If you’re on this blog, you will have no doubt learned the importance of remote sensing methods like aerial surveying for monitoring whale populations. By capturing thousands of detailed images that cover the whales’ habitat, we can learn about their numbers, their proximity to land and gain insights into their population’s health. This is vitally important information for many folks in industries like travel and tourism, port services, fisheries and shipping.
Given the immense volume of imagery involved, analysing data from these agencies and companies to derive the relevant information on whale presence is a time-consuming and therefore expensive effort. Part of this involves hand-selecting sections of the images that are land, ice, cloud coverage and glare so that we can give an accurate estimate for the area where we could have found whales -- key to derive statistics such as density per area. Highlighting a bunch of regions or objects in an image like chunks of ice or sections of rocky terrain may not sound particularly difficult for a human being, but multiply that by thousands of images over 5000 x 7000 pixels wide and it becomes a major time sink. Not to mention factors like reader fatigue and experience, which can compromise the quality and repeatability of the results. If these estimates are imprecise, the people relying on this kind of data to make their decisions are likely to be misinformed and as such, potentially make disastrous choices, both for their businesses and the whales.
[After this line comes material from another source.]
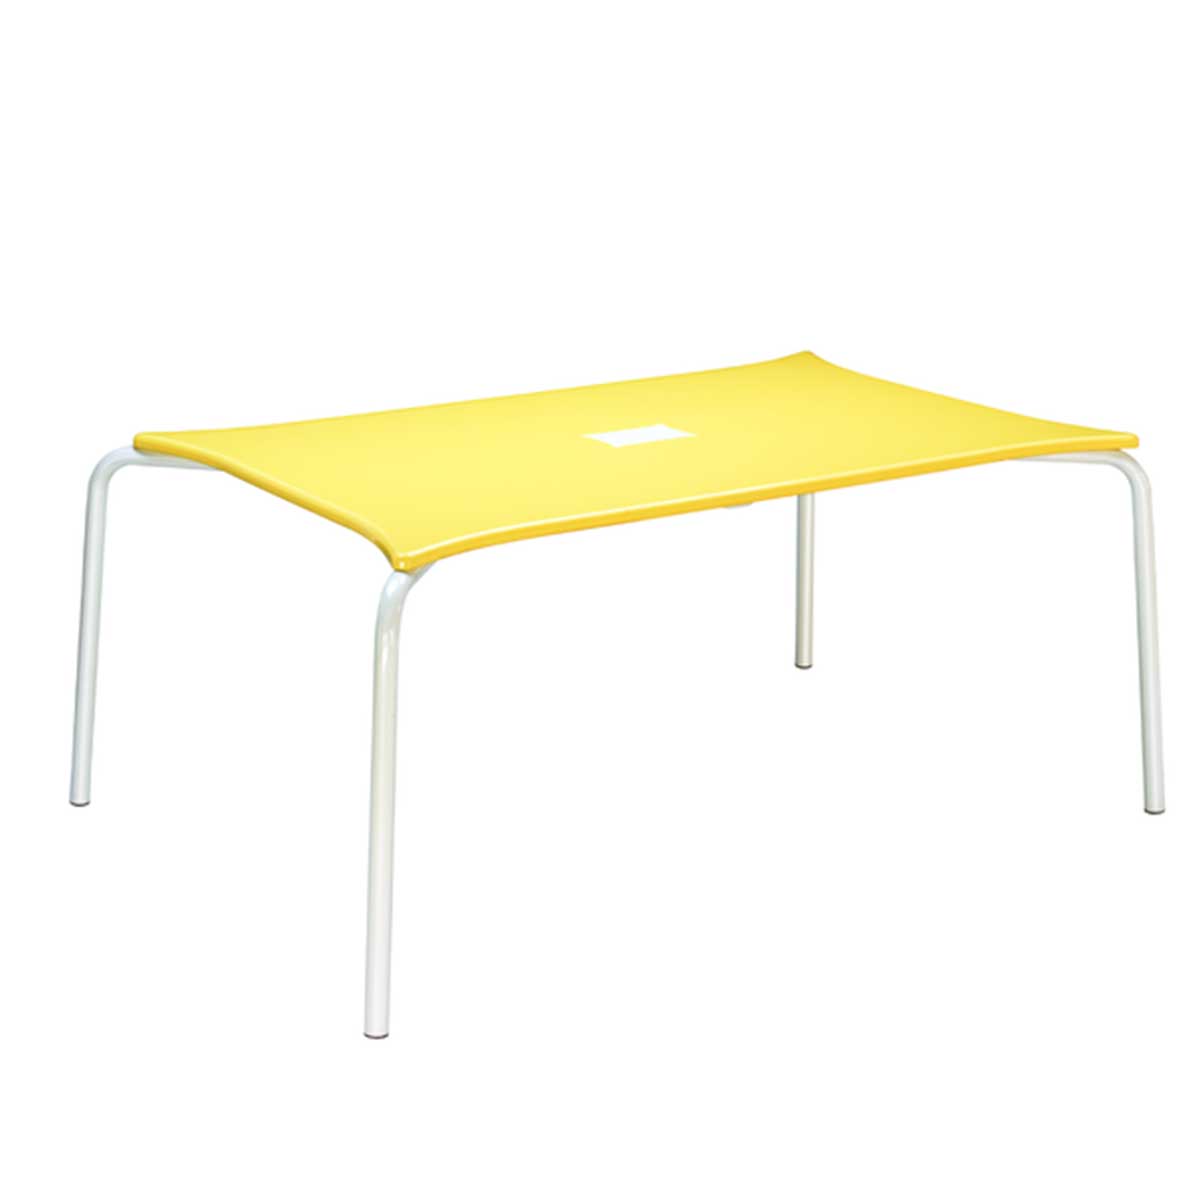 Cafeteria Table Manufacturers, Suppliers in Noida Sector 56

Photo credit: Fisheries and Oceans Canada
Given that the differences between features of interest are not too difficult for humans to distinguish but contain enough nuances that traditional computer vision algorithms such as threshold based clustering will fail, this problem is a prime candidate for deep learning. When it comes to segmenting (aka highlighting) regions of interest in images, especially given the existence of labels from previously annotated datasets, the U-Net architecture is ubiquitous.
The U-Net was developed in the context of medical imaging interpretation. Surprisingly, it went unnoticed by the computer vision community for a couple of years until it started winning several important data science competitions and its potential and novelty became obvious (to this date, the original article has nearly 25000 citations). Across many medical fields, there are endless use cases, some examples of which include segmenting organs for volume calculations or for determining surgical boundaries, segmenting nodules to perform similar data derivations, segmenting lesions between scans to determine the rate of progression.
Additionally, traditional computer vision methods would often fail for certain tasks due to the heterogeneity and variability of the input data and complexity of features in the image that constitute particular regions of interest. Therefore, in the push to automate these processes and bring the value of deep learning to clinicians, the U-Net was born.
The U-Net gets its name because some outputs of the starting convolutional blocks are also fed into later deconvolutional blocks making it look like a U shape in architecture depictions.
Source: Dept of Computer Science, University of Freiberg
U-Nets are trained on images using binary masks of the regions of interest as learning targets. What this means is that, for each pixel in the original image, instead of the RGB value for that pixel, the mask will contain the class label for that pixel, e.g. 0 for no lung (outside regions of interest), 1 for lung (inside regions of interest). Therefore, U-Nets are trained to spit out digitized, simplified versions of input images where every pixel is labelled based on what class the model thinks it belongs to, e.g. land, ice, water etc. What also makes it extremely useful for many real world problems is that the U-Net can be trained to produce segmentations for multi-class problems. In other words, where a doctor has annotated the lungs, a nodule, some lung opacity, the heart etc. across a dataset, the U-Net model can learn to segment all of these simultaneously.
That is also why it is such a powerful tool in the effort to reduce the burden on aerial survey reporters by automating some of their manual work. This type of model can be trained on one task, such as land detection and segmentation but then also, very easily extended to predict other useful regions with the addition of new labelled data. This is the approach used at Whale Seeker. Since we possess a large set of annotations lovingly made by our expert biologists, we can easily convert them to machine learning friendly formats and then train a U-Net to segment important regions within aerial images. Initially, this experiment was performed on land detection, but given the flexibility of the model, it is also a simple process to extend this for other features in the landscape.
This result highlights the potential of the U-Net, despite its humble beginnings in medical AI, to tackle a broad range of applications within computer vision. Although the cross-over between domains such as medical imaging interpretation and whale conservation may seem far-fetched, with the multidisciplinary team at Whale Seeker, these connections are clear.